Meghan Ferrall

PhD Proposal Presentation

Day: Wednesday, June 3, 2015

Time: 10:00am

Location: Molecular Science & Engineering (MSE) 1222

Thesis committee members:

        Manu O. Platt, PhD (BME, Georgia Institute of Technology) (Advisor)

            Rashid Bashir, PhD (Bioengineering, University of Illinois Urbana-Champaign)

            Melissa L. Kemp, PhD (BME, Georgia Institute of Technology)

            Ellen Moomaw, PhD (Chemistry & Biochemistry, Kennesaw State University)

            Eberhard O. Voit, PhD (BME, Georgia Institute of Technology)

Title: Effects of Cathepsin Proteolytic Network Dynamics on Extracellular Matrix Degradation in Biological Machines and Invasive Disease

Abstract: Proteases are enzymes that degrade proteins and play a major role in cellular homeostasis. When proteins are aged, defective, or just extracellular proteins taken up by the cell, the majority of these proteins are degraded by enzymes in the lysosomes, such as cysteine cathepsins. In addition to their proteolytic activity inside lysosomes, cathepsins can be secreted from cells and degrade extracellular matrix (ECM) with differing affinities in a variety of tissue destructive diseases such as cancer, atherosclerosis, and osteoporosis. Cathepsins are a family of understudied proteases that have the human body’s most potent collagenase and elastase. Previous work shows cathepsin S preferentially degrades cathepsin K, reducing the degradation of collagen. This process is termed cathepsin cannibalism. Moreover, once these proteins are secreted by cells, they are subject to reaction diffusion kinetics, cell surface kinetics, and some other unidentified interactions, that all must be considered beyond traditional extracellular matrix degradation kinetics. Cathepsins are also secreted with a propeptide covering the enzyme’s active site, which is cleaved to activate the enzyme. Cells produce cystatins, endogenous cathepsin inhibitors, to control proteolytic activity by these enzymes.

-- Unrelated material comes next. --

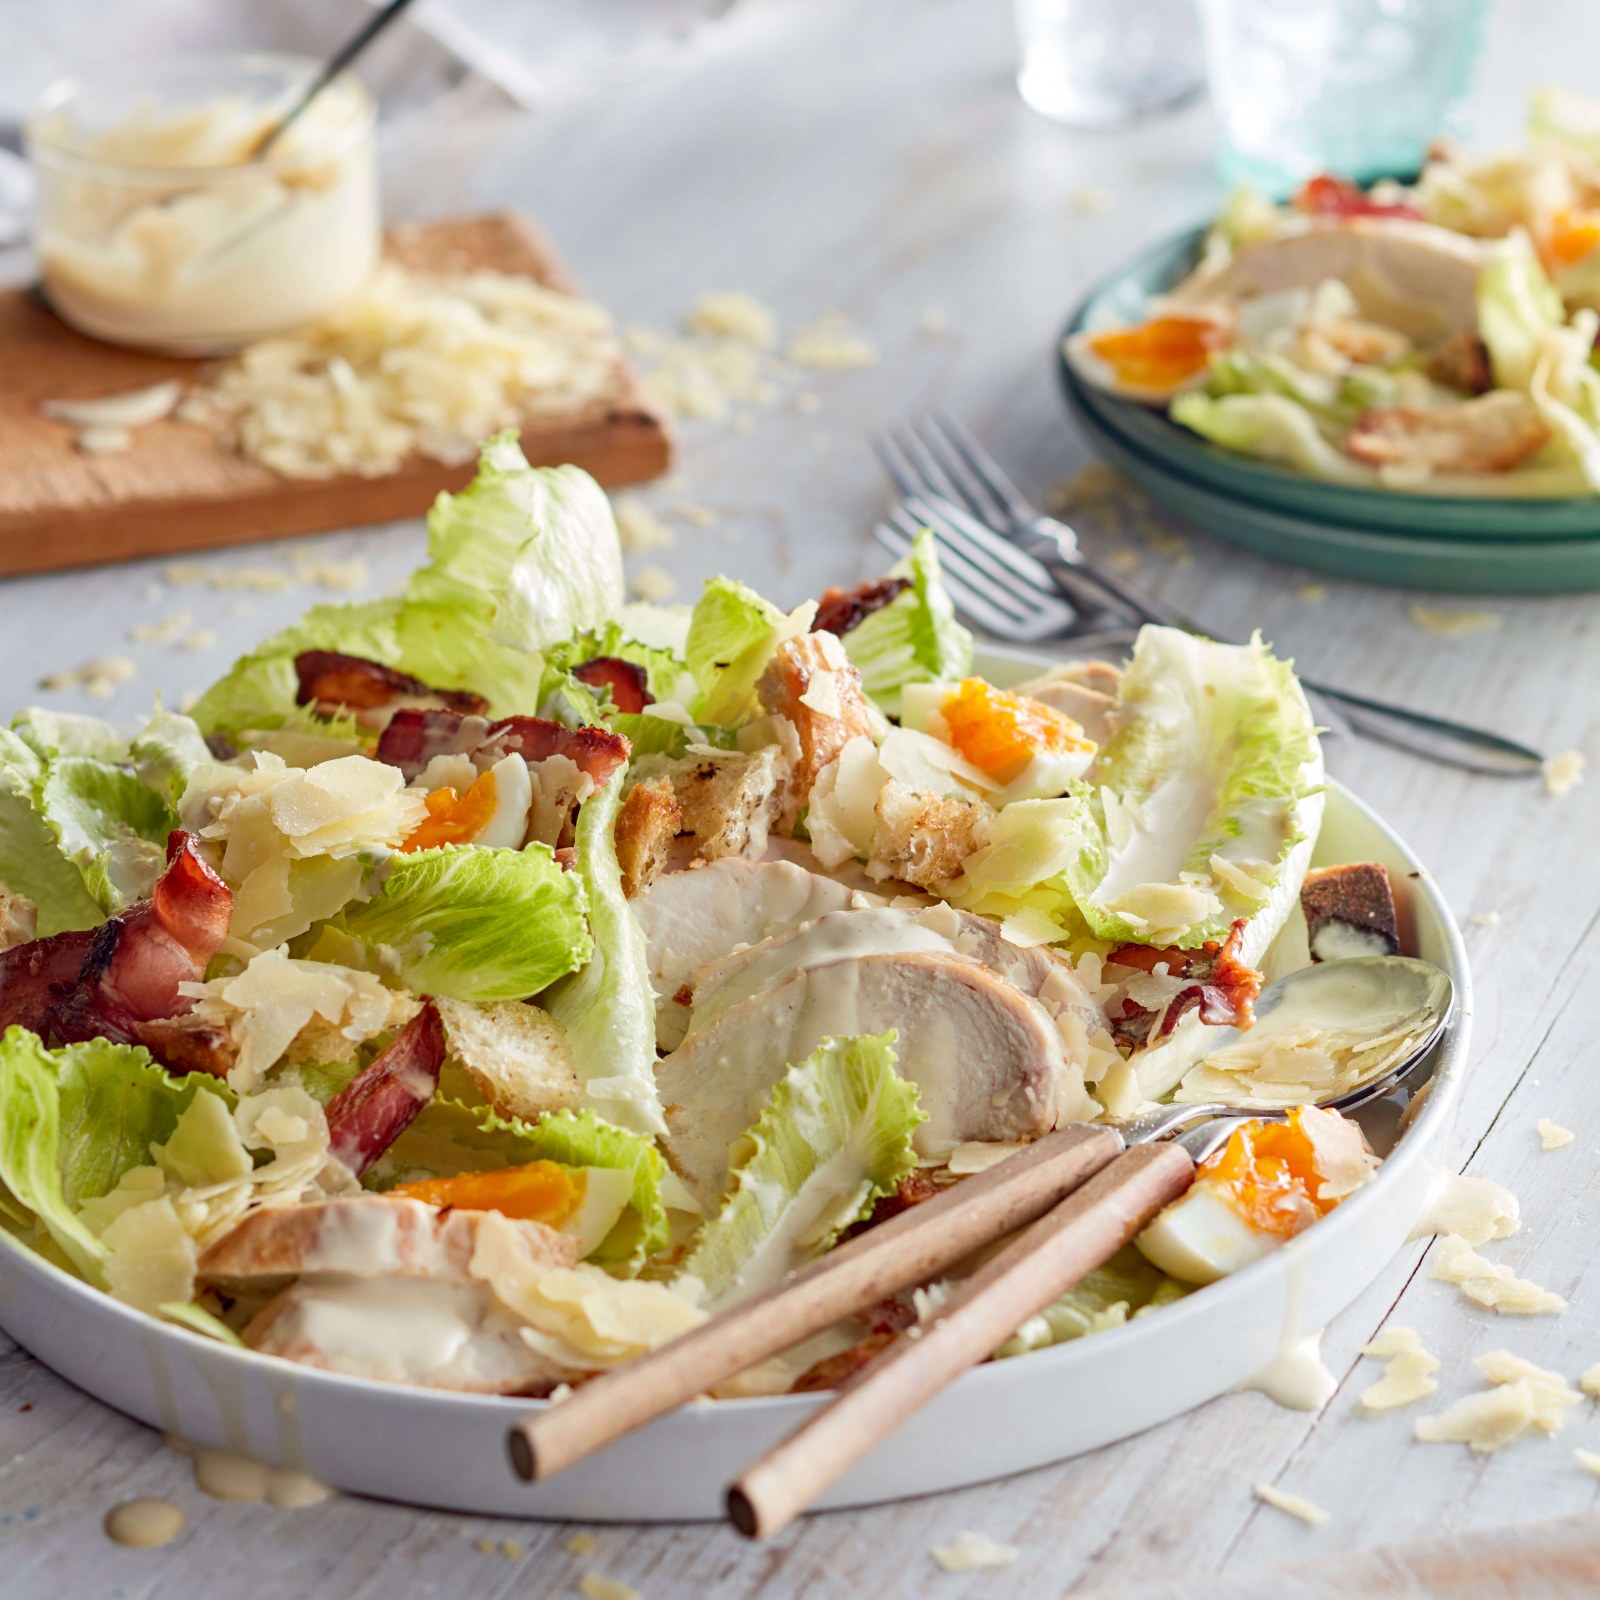 How to Keep Bagged Salad Fresh Longer

These potent enzymes are known to be upregulated in tissue destructive diseases, but researchers have been limited in their ability to successfully target cathepsin dysfunction in these diseases. It is important that we not only understand how these enzymes remodel the extracellular matrix, but also how these proteases interact with each other, in order to effectively dose pharmaceutical inhibitors to regulate cathepsin dysfunction therapeutically.  The objective of this proposalis to develop a mechanistic understanding of how cathepsins interact with ECM and each other for tissue remodeling as produced and regulated by living cells, as a means to target these cathepsin mechanisms in the treatment of tissue destructive diseases and remodeling of synthetic environments. Therefore, the central hypothesis of this proposal is that when cells secrete multiple species of cathepsins, these cathepsins exhibit complex cathepsin-cathepsin interactions between potent cathepsins K, L, S, and V, which reduces expected ECM protein degradation and thus concentrations of cathepsins. The research proposal is innovative because it analyzes cathepsin activity through molecular and computational approaches to develop mechanistic models to drive effective targeting strategies for cathepsin-mediated diseases and sustainable fabrication of biological machines.